若く未熟で、何も持たず力もない子どもの二人が”今”を生きるのに互いの温もりをとても必要としあっているのに、自分たちの未来は決して重ならず、”今”から本当の意味で逃れるには、交わらず、別の道へ進むしかないということが、ちらつくタイトルで示唆されるという……!
そしてそのタイトルが、強がりで言っているものなのか、諦念がそう言わせるのか、あるいは願望なのか、篠が市井を安心させるために言っているのか、などなど妄想はどこまでも膨らみ、激エモイ夏がわいの中に訪れるのです……!
た、たまらねえな……!
逃げるには心許ない、互いの六万円だけ握りしめて、きっとごっこ遊びににしかならない逃避行でも、大人になって再会したときに、どうせ忘れると思っていた夏のことを笑いながら語り合える未来があってほしいと、つい願ってしまう。

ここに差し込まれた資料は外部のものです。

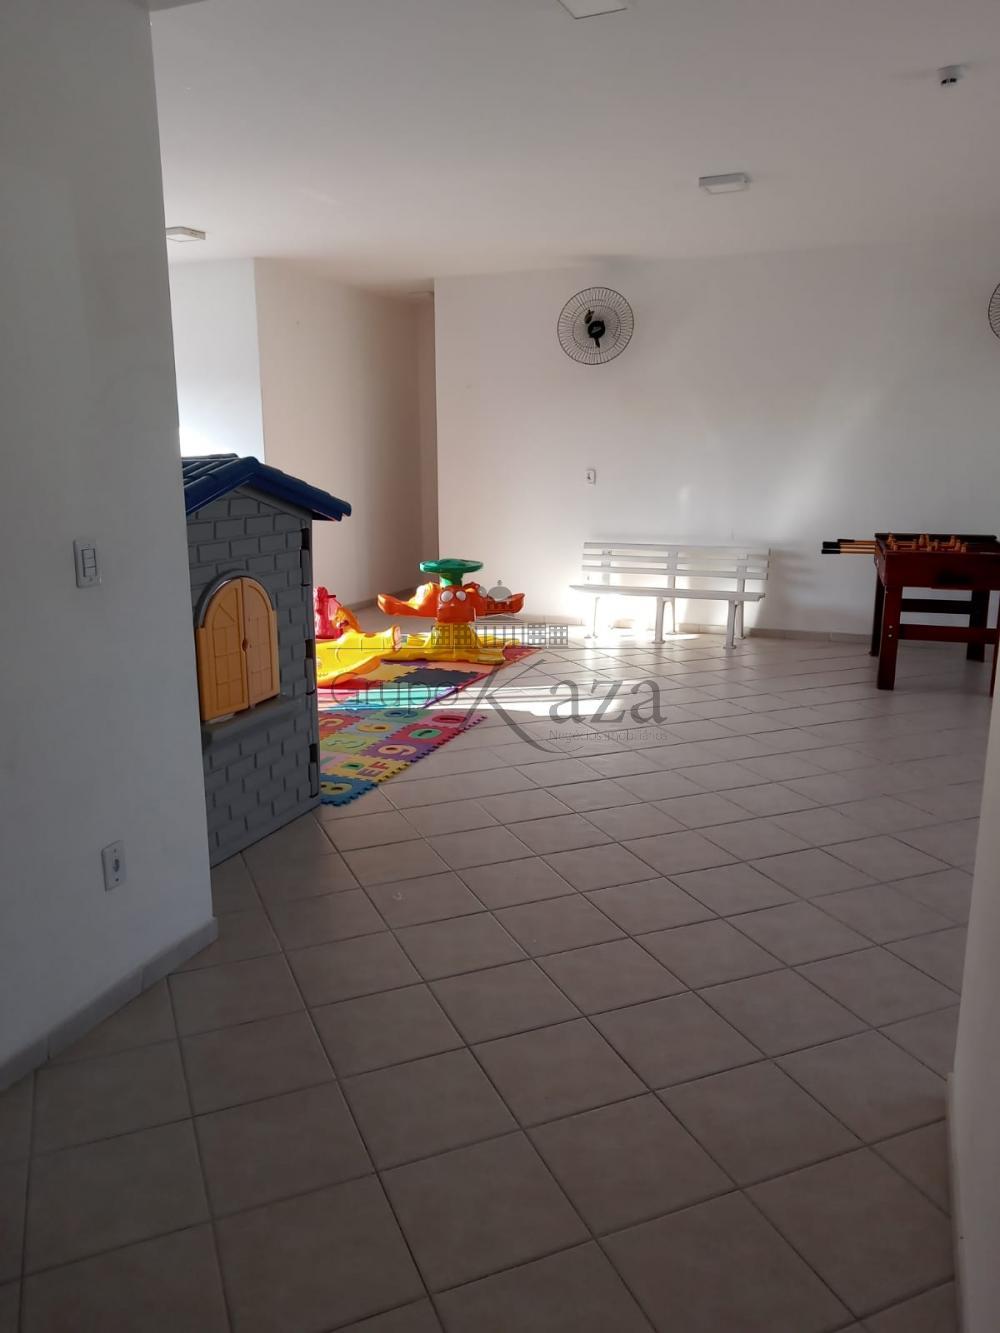 alt='Alugar Apartamento / Padrão em São José dos Campos R$ 2.200,00 - Foto 13' title='Alugar Apartamento / Padrão em São José dos Campos R$ 2.200,00 - Foto 13'

最初から面食らうようなガツンとした書き出しの『空と窒息』も好きでした。
インパクトだけが一人歩きするような嫌な感じは全くなくて、読み進めるごとに、ただ相手を知りたいと近づいていく香乃のピュアさの対比がいい。
香乃と可宮の二人のする何気ない対話の中に核心があるのもいいし、不可侵領域の外にいるんだけど、なんだかこう絶妙な距離感でいてくれる香乃の存在感がすごく印象的でした。
良いBLを読んだ後のような充足感……!
そういう、脇の人間が主人公の置かれた立場やシーン一つ一つをすごく印象深いものにする効果を生んでいる、というのはどのお話にも共通していて、本当に大好物でした。
どの話も、そのとき、その人にしかできない愛情の放出がとても刹那的で、読み終えた後、まるで肘の柔いところを打ってしまって、しばらくジーンとした痺れに支配されるのに似た囚われ感があります。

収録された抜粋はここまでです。